••can ye pass the acid test?••

ye who enter here be afraid, but do what ye must -- to defeat your fear ye must defy it.

& defeat it ye must, for only then can we begin to realize liberty & justice for all.

time bomb tick tock? nervous tic talk? war on war?

or just a blog crying in the wilderness, trying to make sense of it all, terror-fried by hate radio and FOX, the number of whose name is 666??? (coincidence?)

Wednesday, August 18, 2010


i've got to admit the gops have an amazing capacity to keep coming up with wedge issues in their perpetual campaign to divide and conquer america.

here's how rupert murdoch's ny post puts it:

Feds funding Ground Zero imam's Mideast trip

The imam behind a plan to build a mosque near Ground Zero is set to depart on a multi-country jaunt to the Middle East funded by the State Department -- raising concerns that taxpayers may be helping him with the controversial project's $100 million fund-raising goal.

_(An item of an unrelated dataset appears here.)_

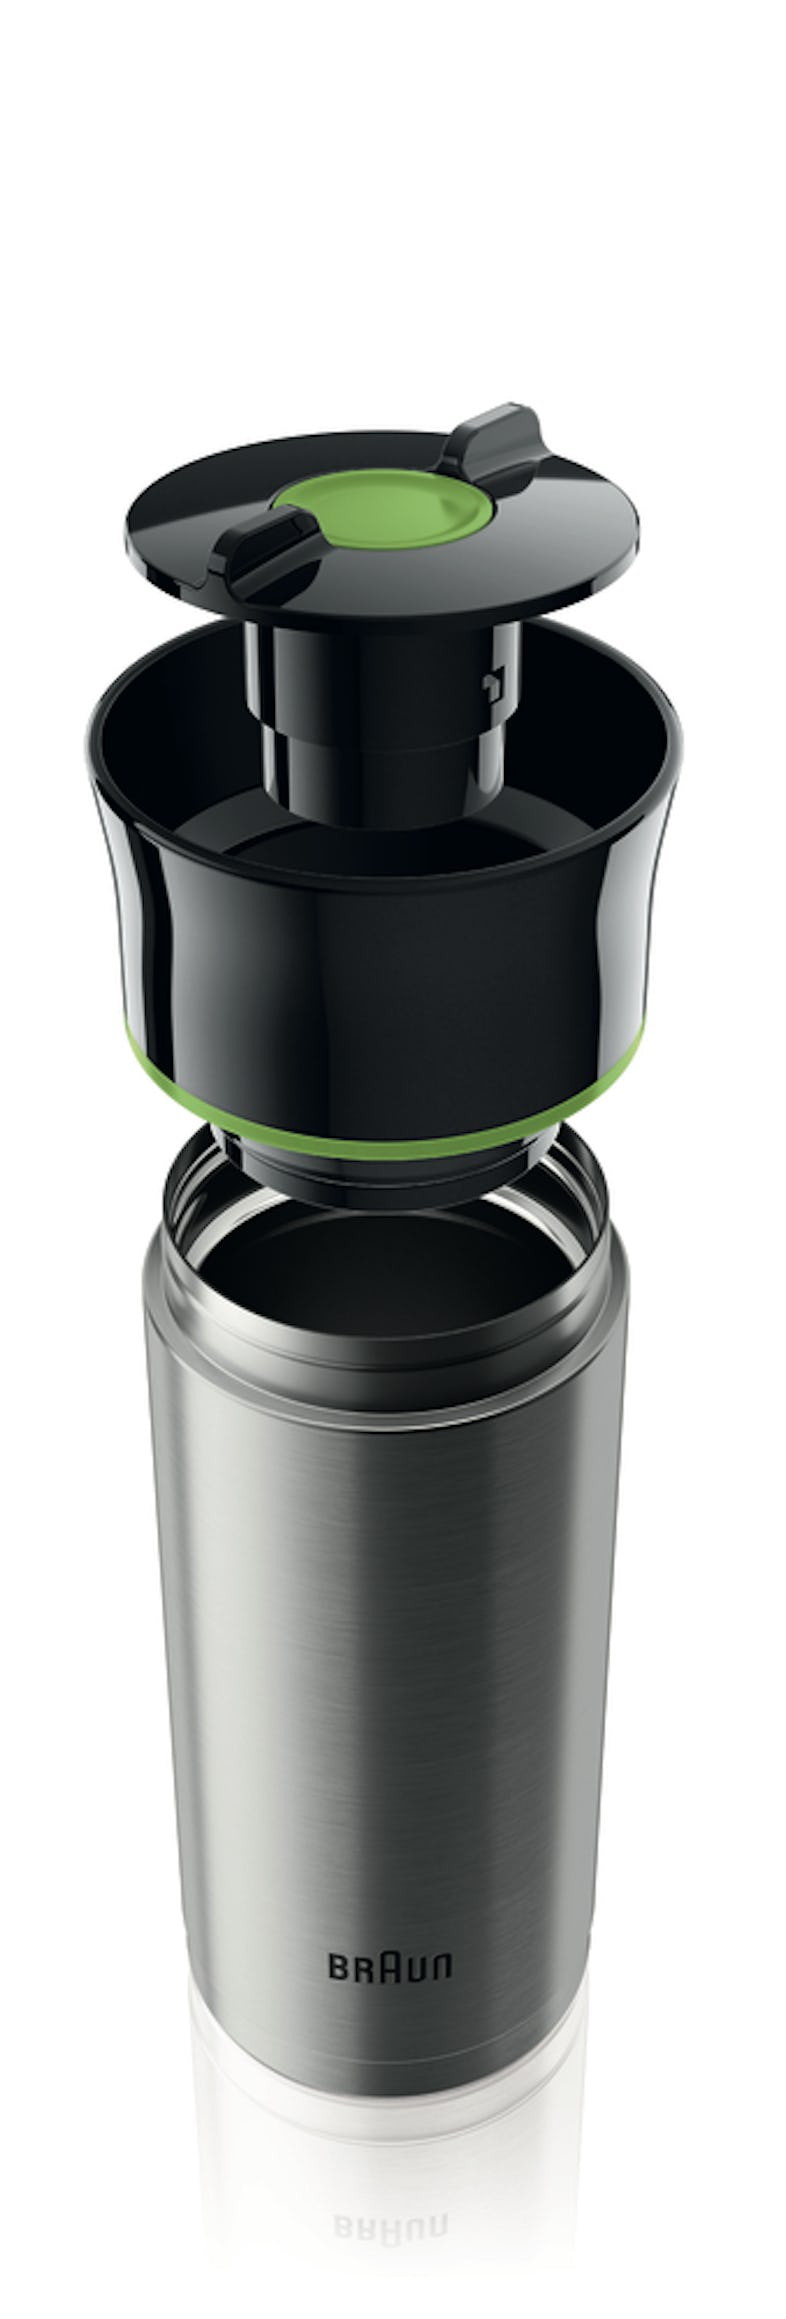 KF Tassen-Aroma-Kanne Filterkaffeemaschine Braun METRO | 7020, 12 Marktplatz

Feisal Abdul Rauf is taking the publicly funded trip to foster "greater understanding" about Islam and Muslim communities in the United States, the State Department confirmed yesterday.

& here's how huffington post responded:

'Ground Zero Mosque' Imam Helped FBI With Counterterrorism Efforts

In March 2003, federal officials were being criticized for disrespecting the rights of Arab-Americans in their efforts to crack down on domestic security threats in the post-9/11 environment. Hoping to calm the growing tempers, FBI officials in New York hosted a forum on ways to deal with Muslim and Arab-Americans without exacerbating social tensions. The bureau wanted to provide agents with "a clear picture," said Kevin Donovan, director of the FBI's New York office.

Brought in to speak that morning -- at the office building located just blocks from Ground Zero -- was one of the city's most respected Muslim voices: Imam Feisal Abdul Rauf. The imam offered what was for him a familiar sermon to those in attendance. "Islamic extremism for the majority of Muslims is an oxymoron," he said. "It is a fundamental contradiction in terms."

It was, by contemporaneous news accounts, a successful lecture.

Flash forward six-and-a-half years, and Feisal Abdul Rauf occupies a far different place in the political consciousness. The imam behind a controversial proposal to build an Islamic cultural center near those same FBI offices has been called "a radical Muslim," a "militant Islamist" and, simply, the "enemy" by conservative critics. His Cordoba House project, meanwhile, has been framed as a conduit for Hamas to funnel money to domestic terrorist operations.

For those who actually know or have worked with the imam, the descriptions are frighteningly -- indeed, depressingly -- unhinged from reality. The Feisal Abdul Rauf they know, spent the past decade fighting against the very same cultural divisiveness and religious-based paranoia that currently surrounds him.

& here's something earlier from salon:

Building Love at Ground Zero

Believers in Islam should not become America's whipping boys, nor should the guilt from the attacks on 9/11 be assigned as collective guilt to all Muslims. As an African-American Southerner, I live and work near monuments that celebrate the Confederate legacy, hailing as heroes and valiant soldiers men who died for states' rights to continue the cruel and inhuman practices of slavery, including the December 1864 massacre of men, women, and children at Ebenezer Creek, outside of Savannah in Newt Gingrich's Georgia. (The loss of life by some estimates may have exceeded the 9/11 attacks.)I attend church with the direct descendants of those who once owned slaves. But I assign no collective or historic guilt to those whose current wealth and status derived in large part from this abominable practice.

meanwhile

...conservative radio host Laura Ingraham interviewed the imam's wife on "O'Reilly Factor" and said: "I can't find many people who really have a problem with it.... I like what you're trying to do."

but then

...I say the terrorists have won....

yes, the terrorists have won if they've turned us into intolerant fools who trample freedom of religion into the ground.

that's only one irony.

another is, as far as i can tell, you can't even see ground zero from the controversial proposed community center at park51.

one more is that stirring up so much heat pressures the organizers of the project to keep going with it. how can they back down in the face of so much islamophobia? it's like in to kill a mockingbird:

Atticus Finch: There are some things that you're not old enough to understand just yet. There's been some high talk around town to the effect that I shouldn't do much about defending this man.

Scout: If you shouldn't be defending him, then why are you doing it?

Atticus Finch: For a number of reasons. The main one is that if I didn't, I couldn't hold my head up in town.